An immersed tunnel is planned for the Fehmarn Belt. At 17.6 km (10.9 mi), it will be the longest ever constructed, surpassing the current largest immersed tube tunnel, which spans 6.75 km (4.19 mi) across the Pearl River Estuary in China as part of the Hong Kong–Zhuhai–Macau Bridge. On 30 November 2010, Denmark's Femern A/S project manager announced it had selected immersed tunnel design submitted by the Ramboll, Arup, and TEC consortium. According to the senior project managers, as well as being the world's longest immersed tunnel, it will be the "world's longest combined road and rail tunnel; the world's longest under water tunnel for road; the deepest immersed tunnel with road and rail traffic; and the second deepest concrete immersed tunnel." The size of the project is about five times the tunnel part of the Øresund Link between Denmark and Sweden, currently the "longest immersed concrete tunnel."
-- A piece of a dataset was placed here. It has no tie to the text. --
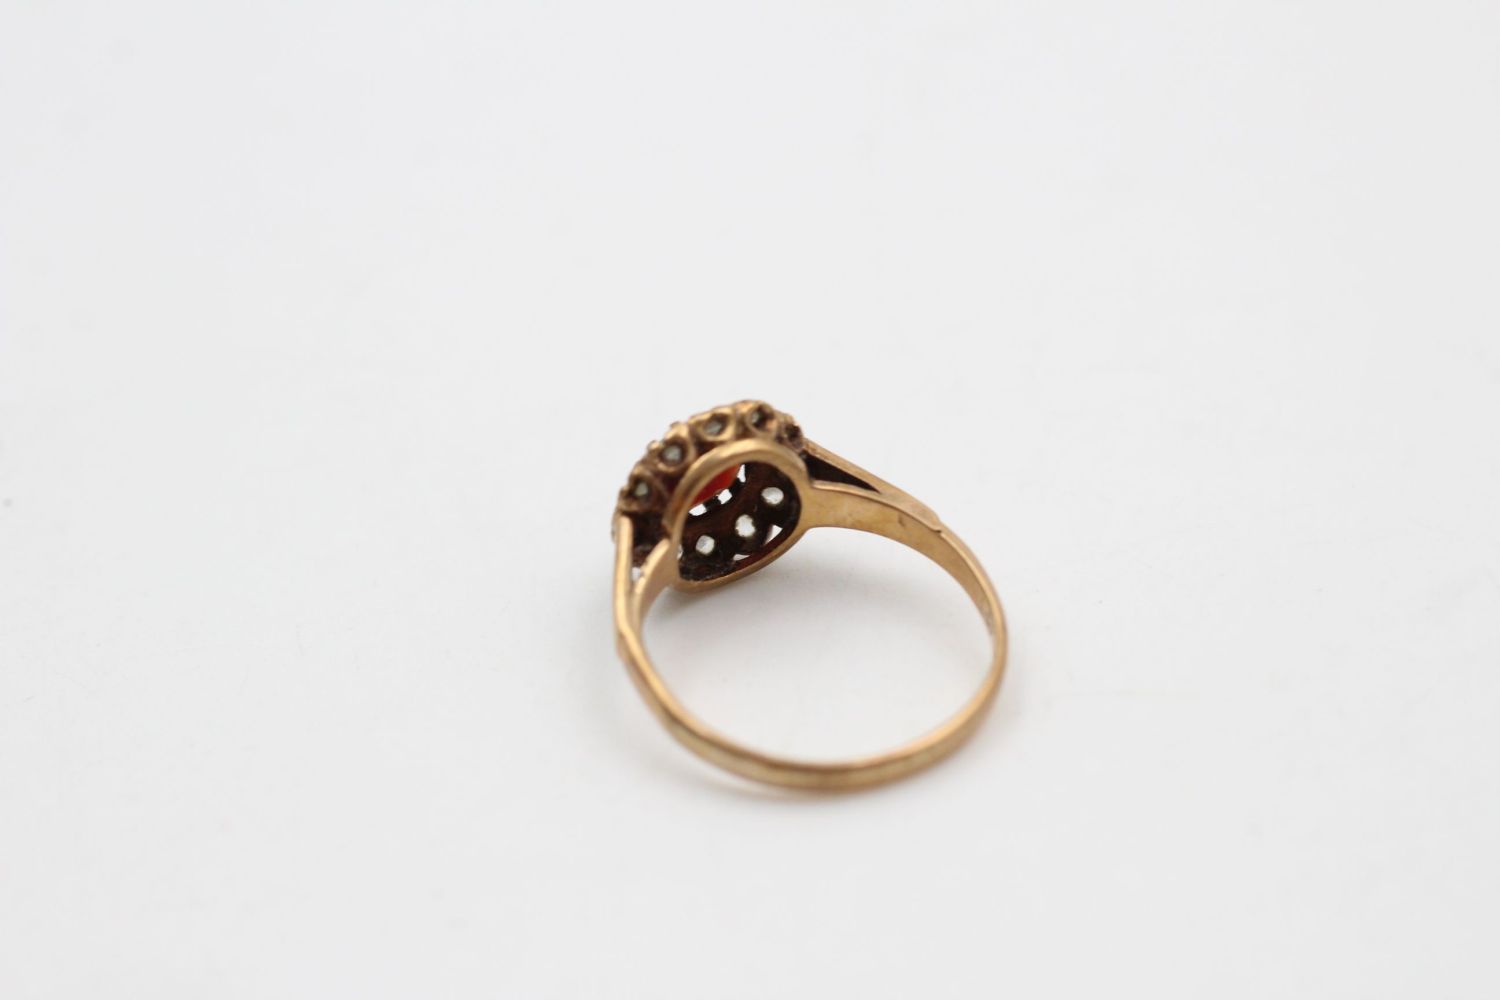 vintage 9ct gold garnet & gemstone halo ring 2.2 grams gross - Image 5 of 5

The deepest section of the Fehmarn Belt Trench is 35 m and the tunnel sections will be about 10 m high, thus, the dredging barges will need to be capable of reaching depths of over 45 m. Dredging will produce a trench some 40–50 m wide and 12–15 m deep. These parameters give a total of some 20000000 m3 of soil to be dredged. Conventional dredging equipment can reach only a depth of about 25 m. To excavate the middle portion of the Fehmarn trench, deeper than 25 m below the water's surface, will likely require grab dredgers and trailing suction hopper dredgers.

The proposed tunnel would be 17.6 km long, 40 m deep below the surface of the sea and would carry a double-track railway. Arguments brought forward in favour of a tunnel include its starkly reduced environmental impact, its independence from weather conditions, as crosswinds can have considerable impact on trucks and trailers, especially on a north–south bridge. A bored tunnel was deemed too expensive.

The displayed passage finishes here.